**Work instruction:**
No pictures, nothing altered: return the data below.

**Collected data:**

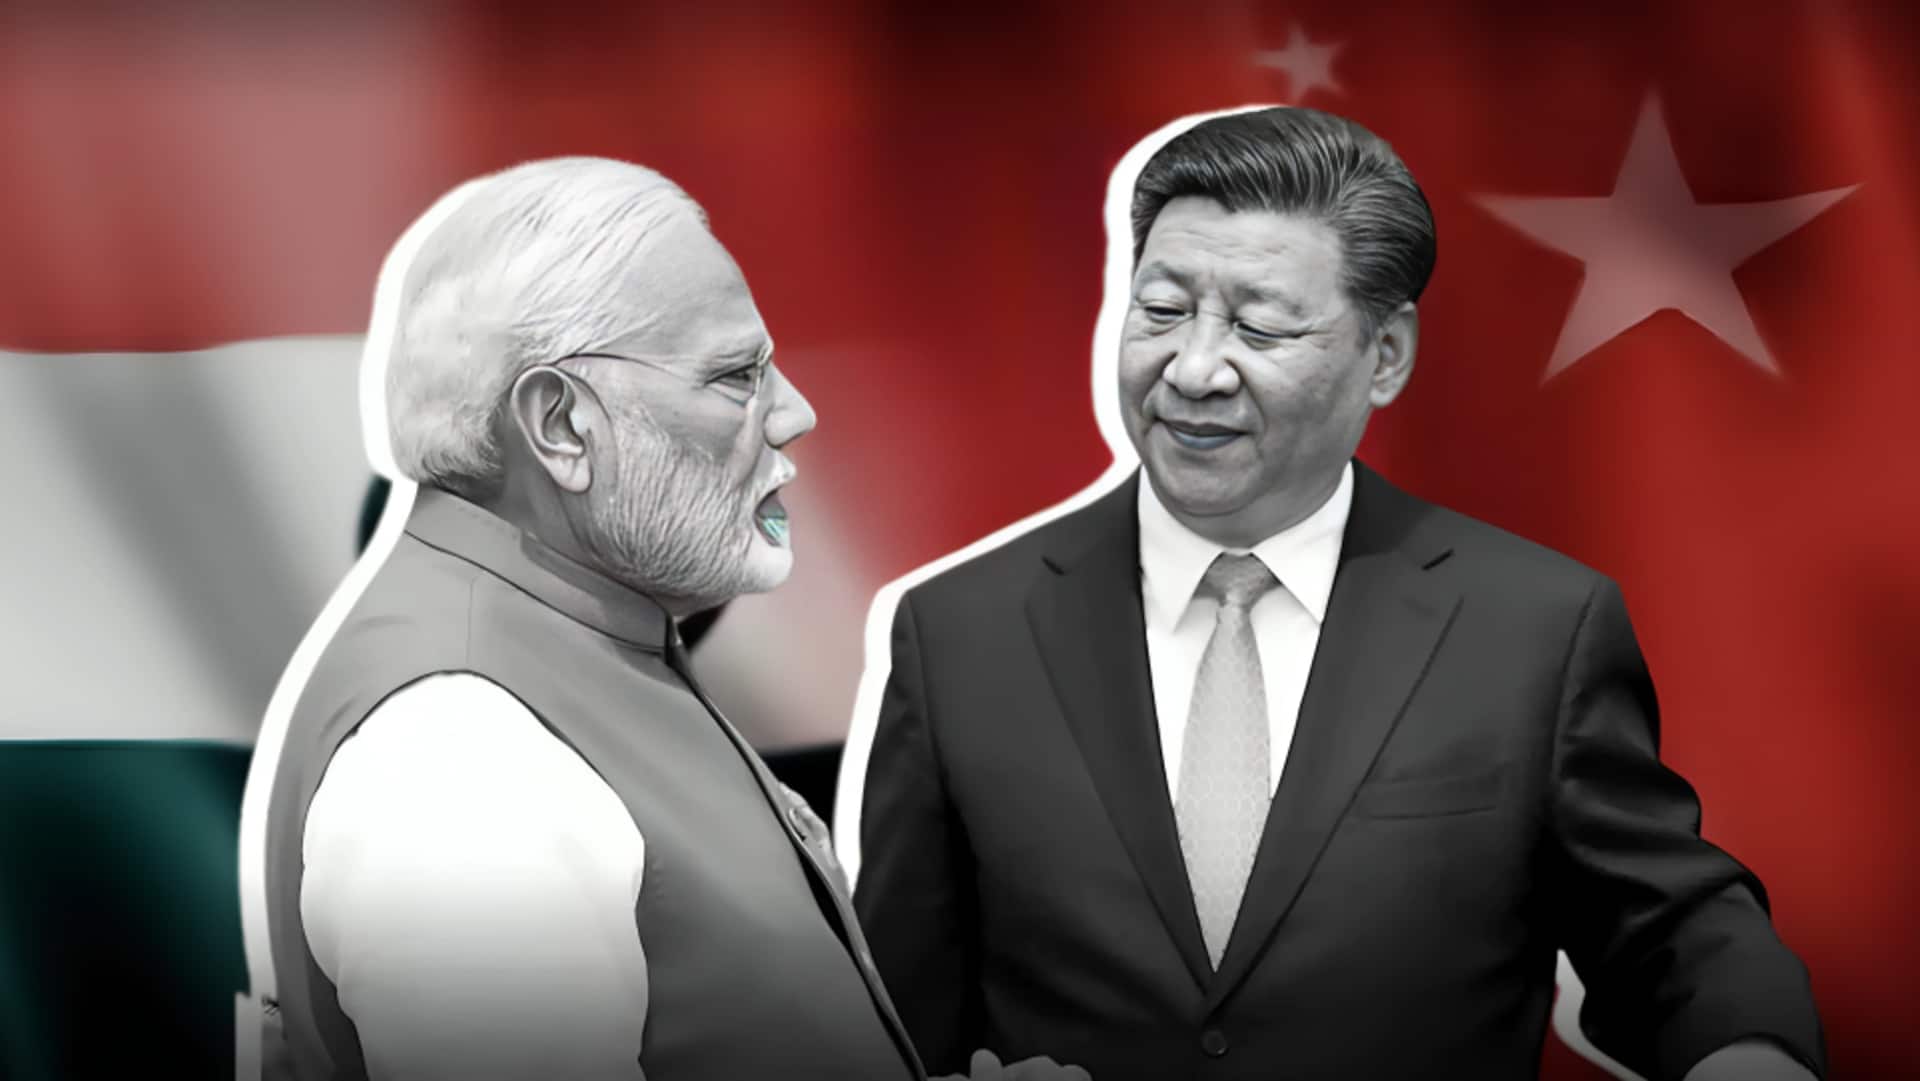 भारत ने चीन को दिया कड़ा जवाब, प्रधानमंत्री मोदी की अरुणाचल यात्रा पर जताई थी आपत्ति
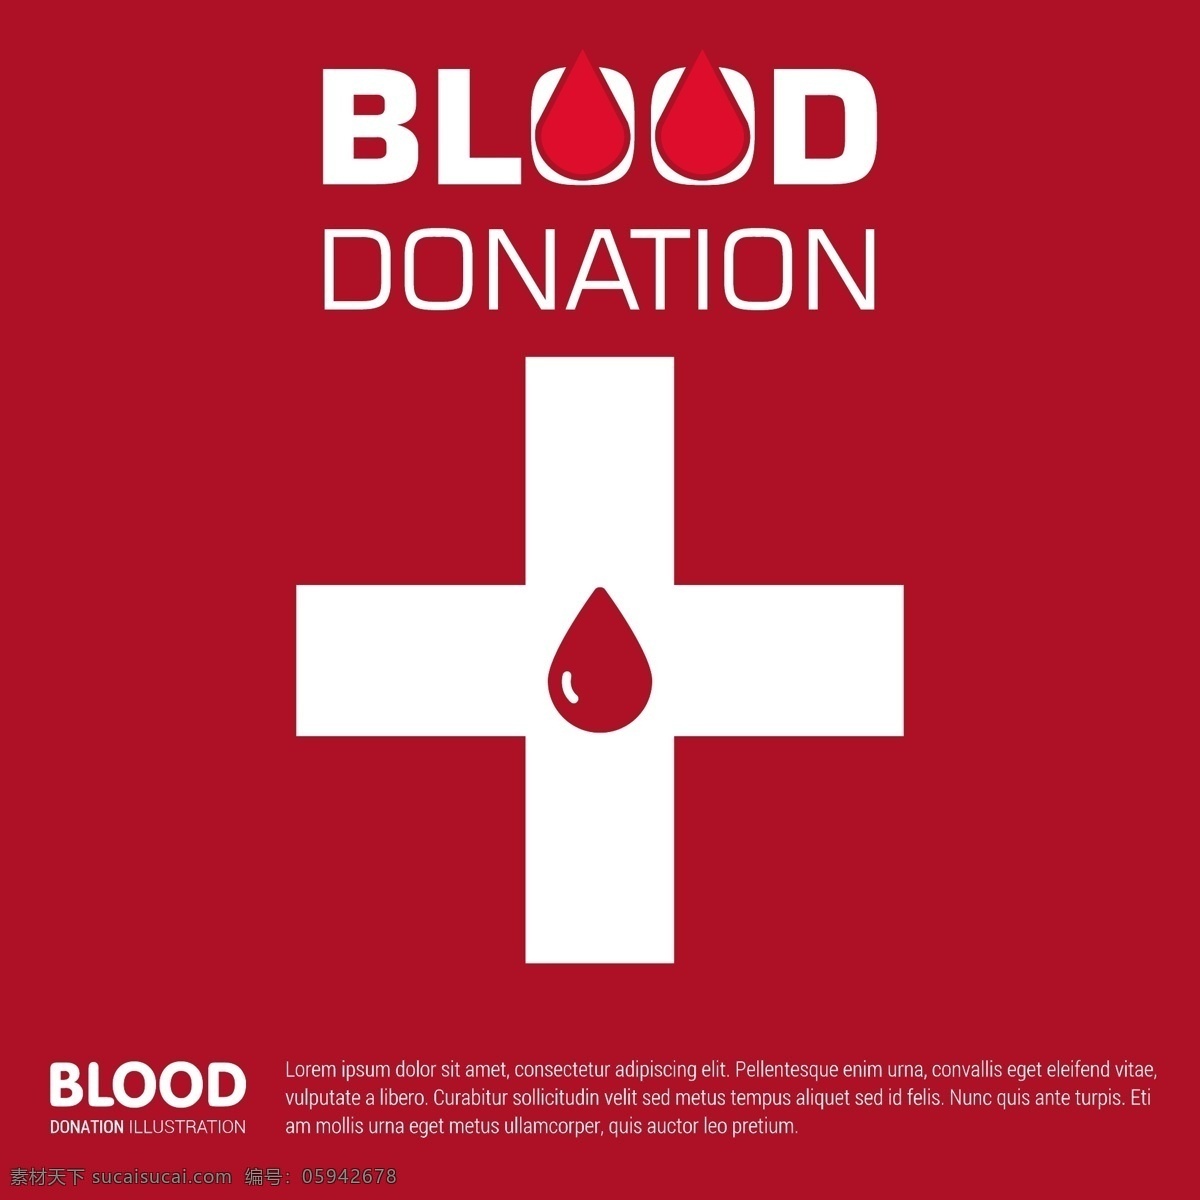 献血红背景 心脏 医疗 世界 健康 医院 血液 药品 下降 帮助 实验室 生活 慈善 急救 保存 国际 捐赠
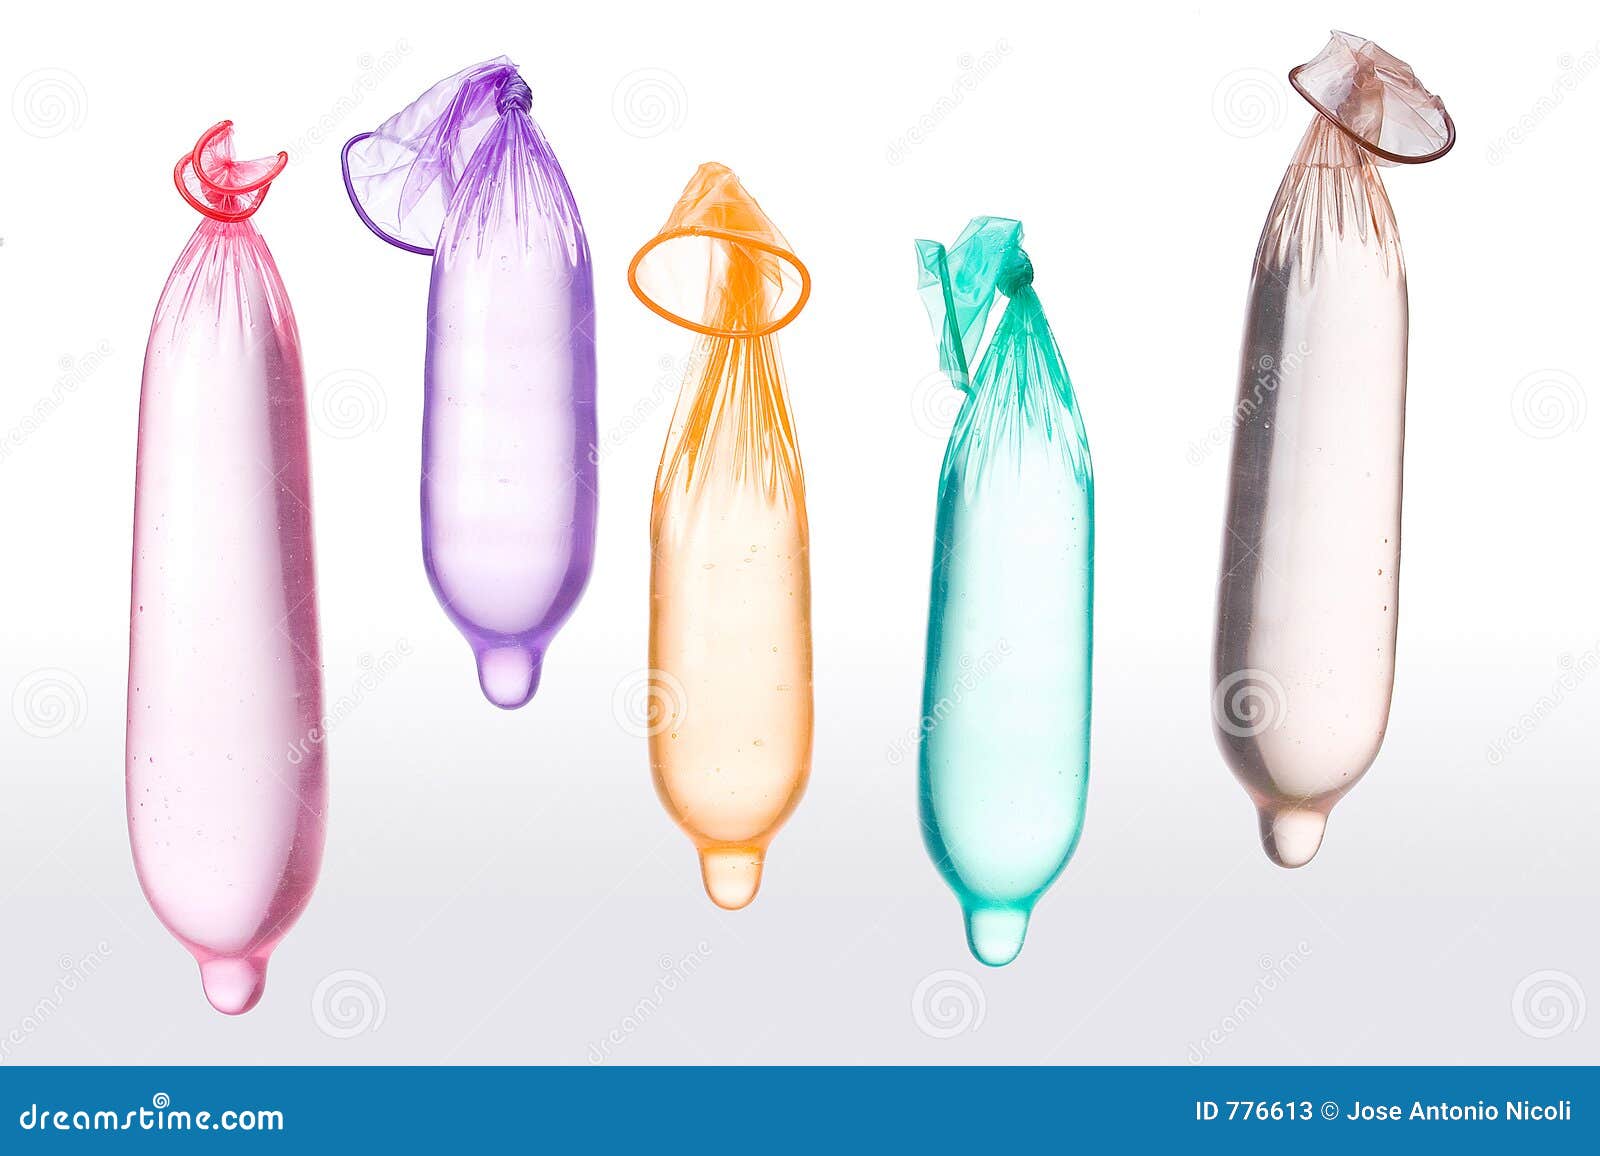 Как одевать презики. Презики с водой. Презерватив наполненный водой. Растянутый презерватив. Виды презиков с шариками.
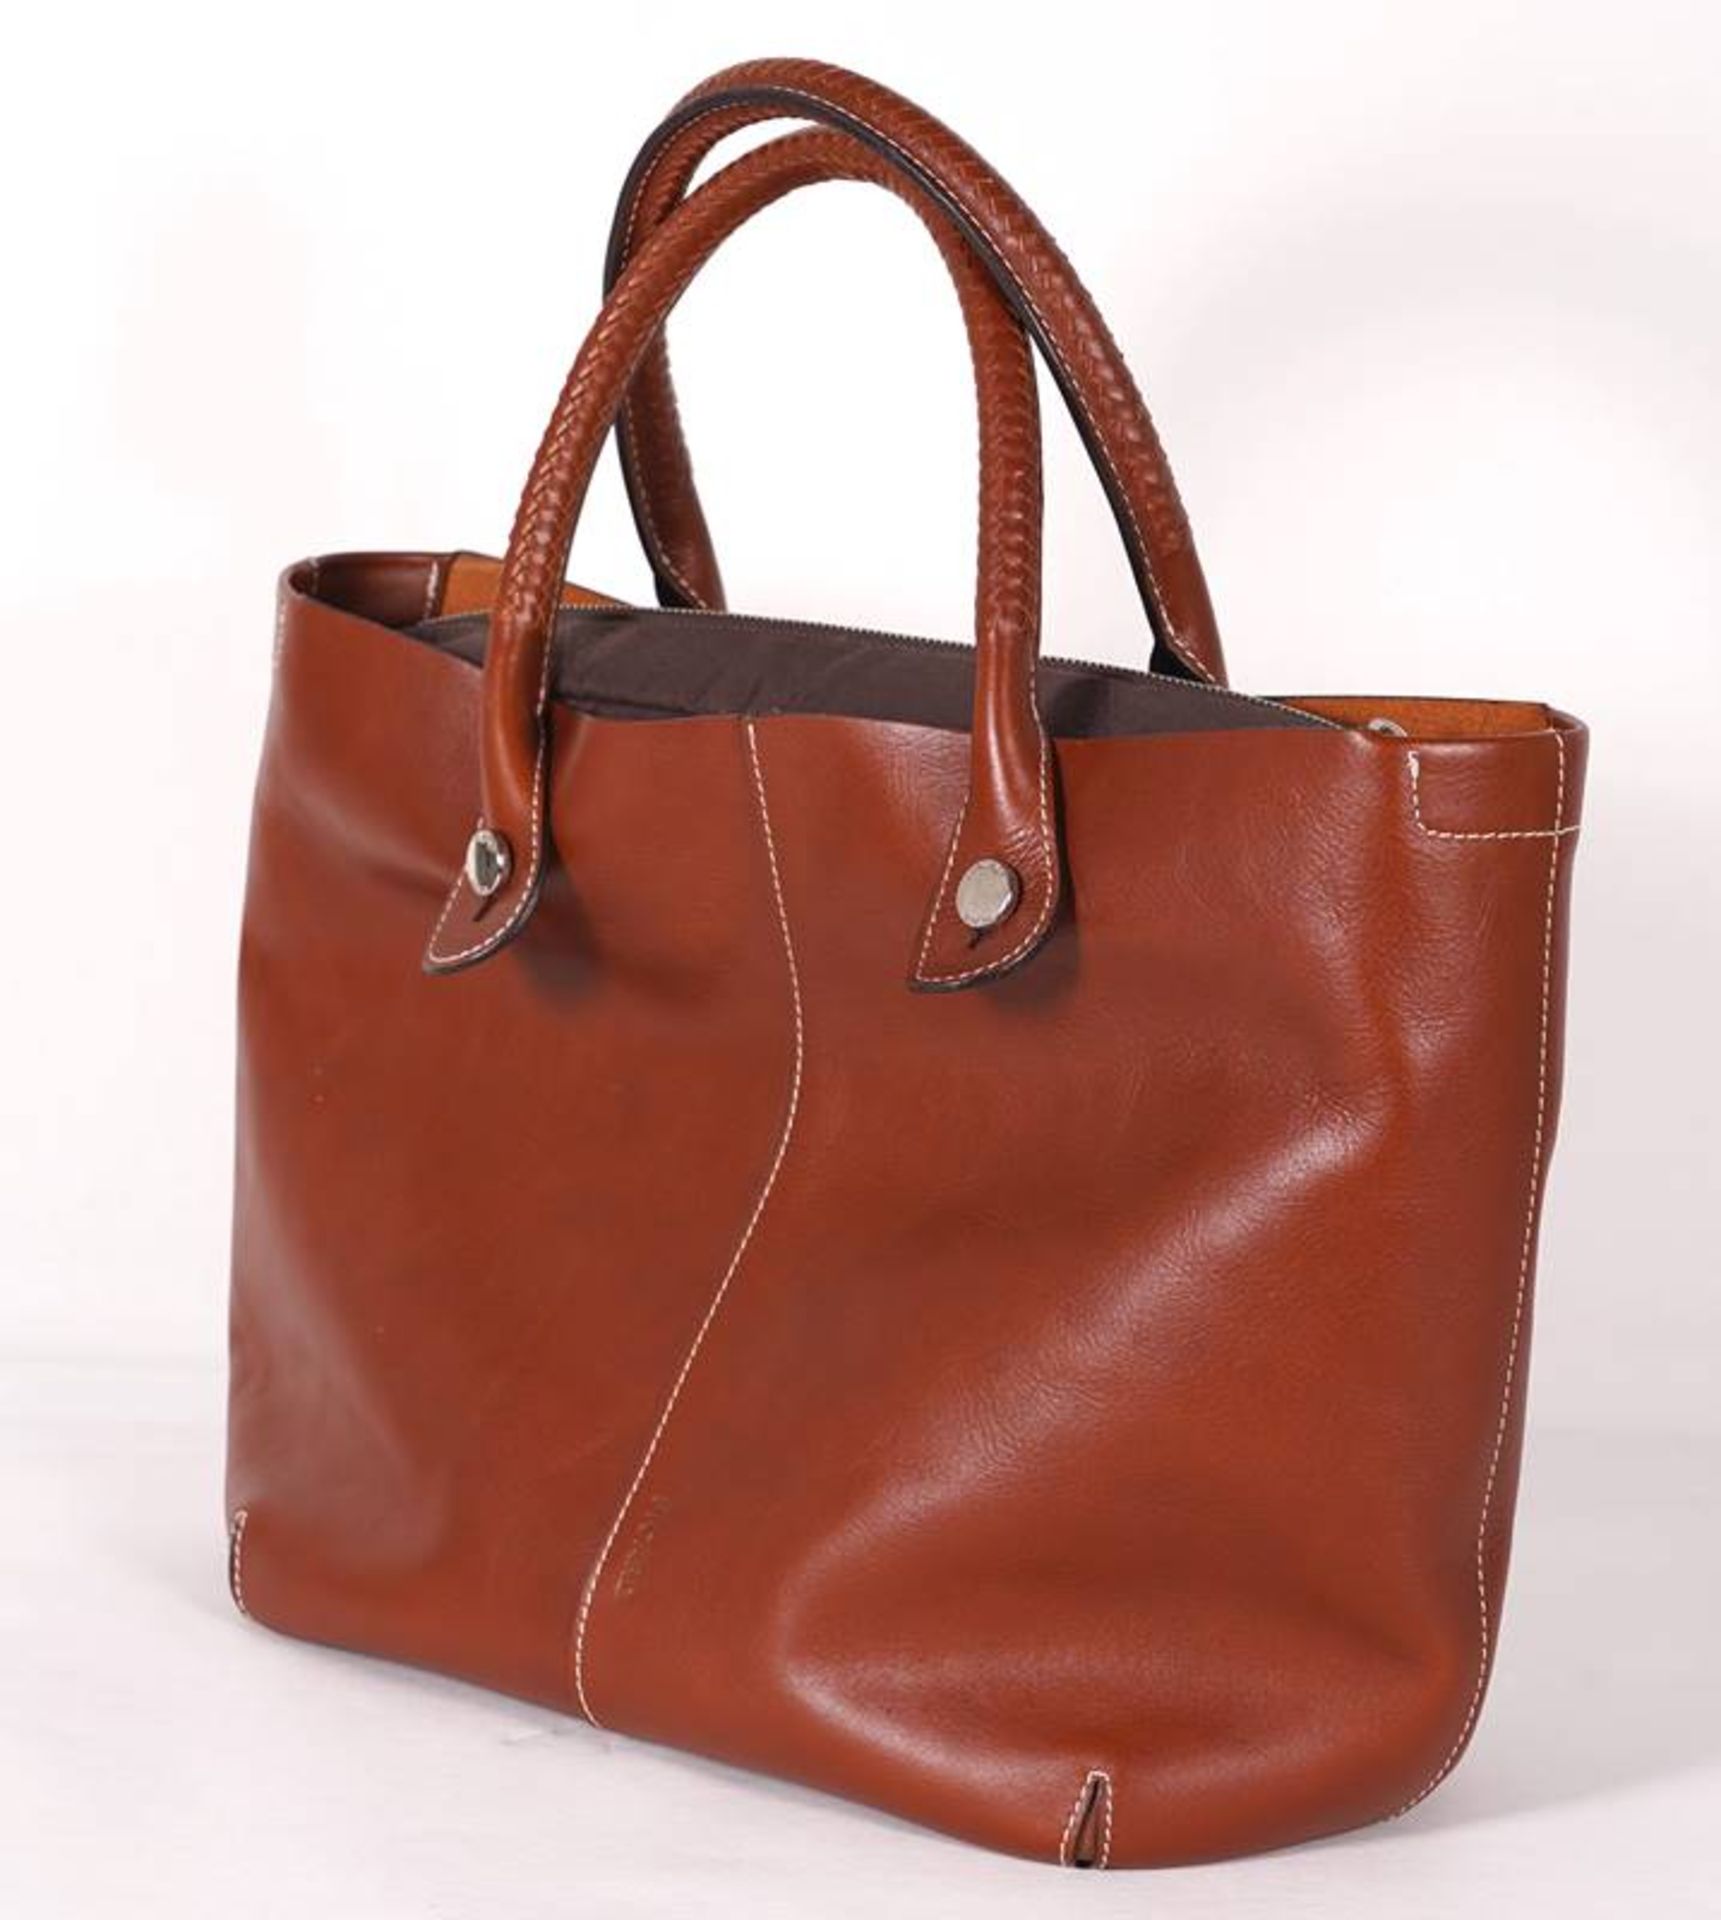 Picard Handbag - Image 2 of 8

**Reply:**
 भारत ने चीन को दिया कड़ा जवाब, प्रधानमंत्री मोदी की अरुणाचल यात्रा पर जताई थी आपत्ति
 献血红背景 心脏 医疗 世界 健康 医院 血液 药品 下降 帮助 实验室 生活 慈善 急救 保存 国际 捐赠
 Как одевать презики. Презики с водой. Презерватив наполненный водой. Растянутый презерватив. Виды презиков с шариками.
 Picard Handbag - Image 2 of 8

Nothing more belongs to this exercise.